I will stop you from hurting others, she thinks. The declaration rings with bravado and she knows it is unlikely. It helps her, however, to believe that there is rightness to her actions, just as it had helped him all those years ago to make declarations of love or marriage. Such promises served in Craig’s mind to legitimize everything he’d done—luring her, fixing her in place, convincing her to stay. She understood this in a way she could not have as a girl. He was convinced he loved her, and this fact, if it were a fact, made whatever he did acceptable to him. He could feel like a good guy because he offered marriage, as though that made up for it all.
She looks at him now. In his version of their story, he has loved long and deeply. He has risked everything for this one dark passion. His girl, his Barbara. How can it be imaginable to him now, at this late date, that she loves him or ever had loved him? I married her because you would not let me marry you. She watches him at the defense table and he suddenly turns toward her, as though he’d known all along that she was watching him. He stares at her, smiling. The note is still in her hand. She wishes she hadn’t read it. He is so pleased, she thinks, that once again she has taken his bait.
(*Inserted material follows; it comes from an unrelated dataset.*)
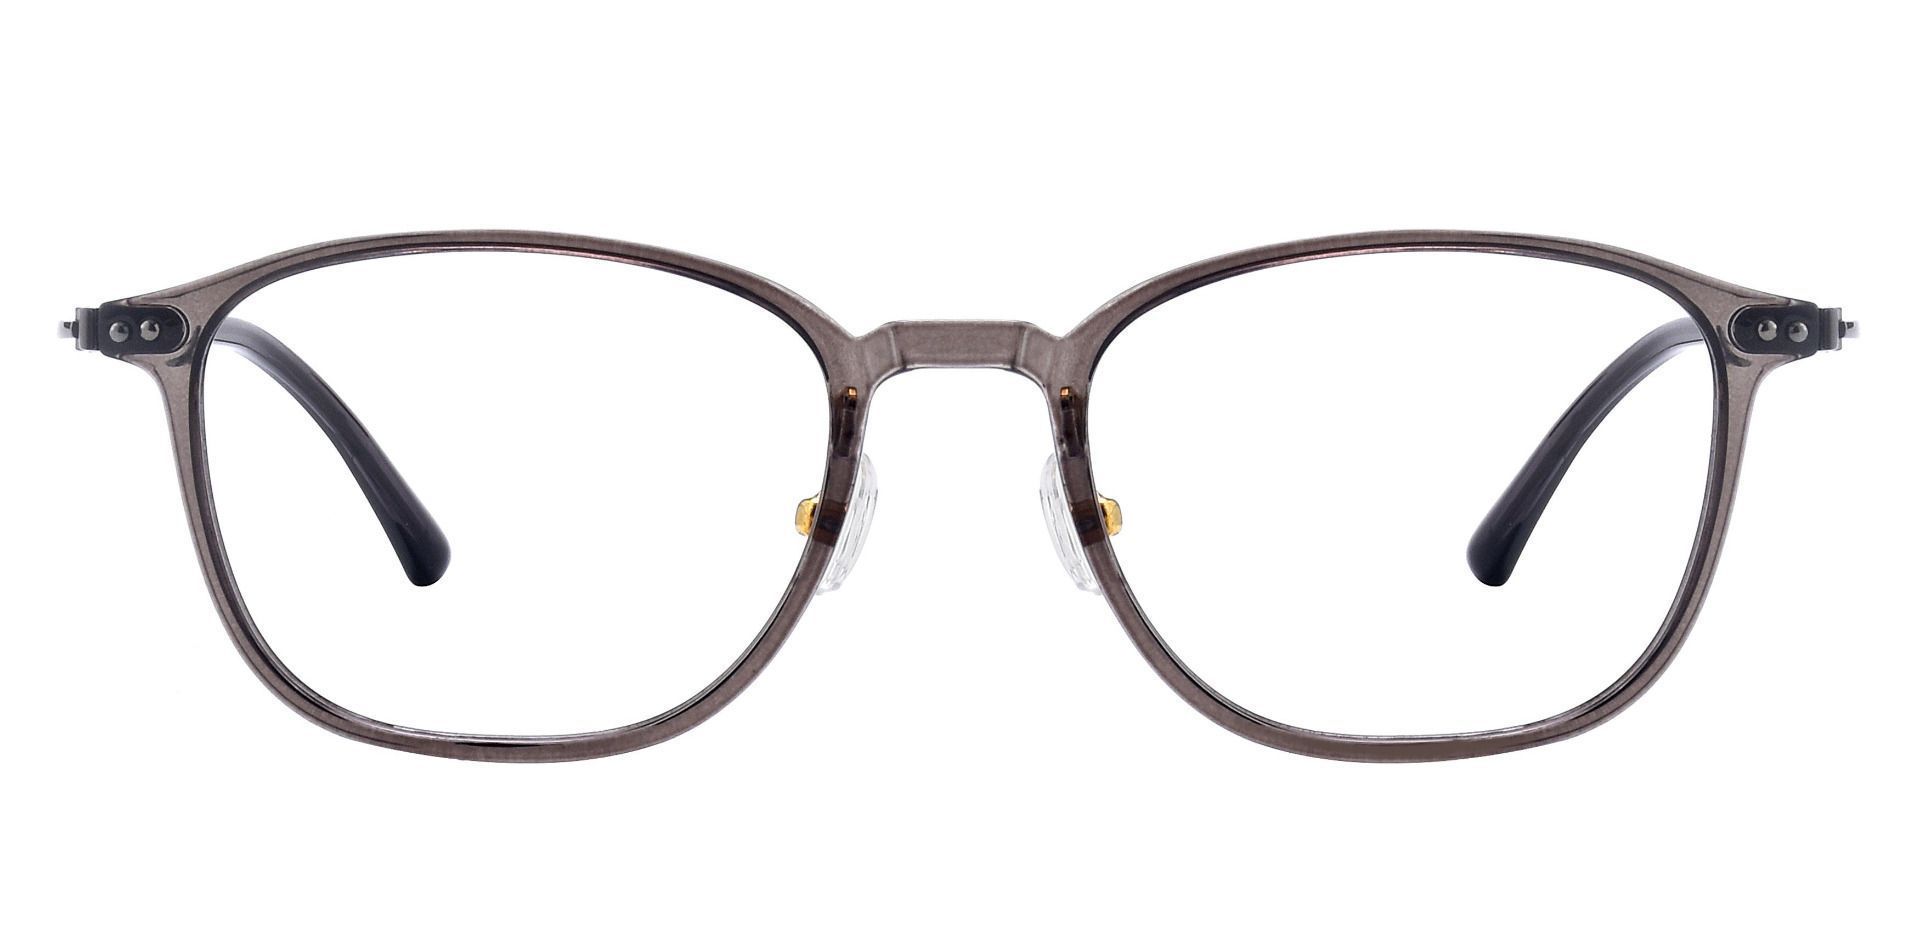 London Oval Eyeglasses Frame - Gray

From the right, Dreyer approaches the stand and now obstructs her sightline. “You ready?” he says. “We’re going to fix everything up again.”
He means the cross-examination with Elstree that went so wrong. He means that he is going to put her back on the stand and ask her to clarify why she said nothing, why she did not ask for help, and why she had not been seen. These are the essential questions upon which everything rests.
If she is going to show him the letter, now is the time.
“There is a letter,” she says.
Dreyer waits for the hum of conversation to begin again before pushing Bobbie for an answer. “What letter?”
Everything is in motion once more; the judge is arriving, they are being told to all rise.
“Never mind,” she whispers.
“Tell me.”
She thinks of the letter in her bag. What is the point of showing it to anyone? Who would believe he’d written such a thing and stuck it in her bag? She’d only be accused of writing it herself. “A long time ago,” she tells him. “From Craig. But it doesn’t matter now.”
Years ago, Craig had scrawled a similar note on a piece of hospital stationery in what looked like a child’s hand. She remembers how she’d come home from school and found the letter in the mailbox. That letter had served as the one in her bag did now, to unsettle her, to make her feel as though her life would forever be haunted by him.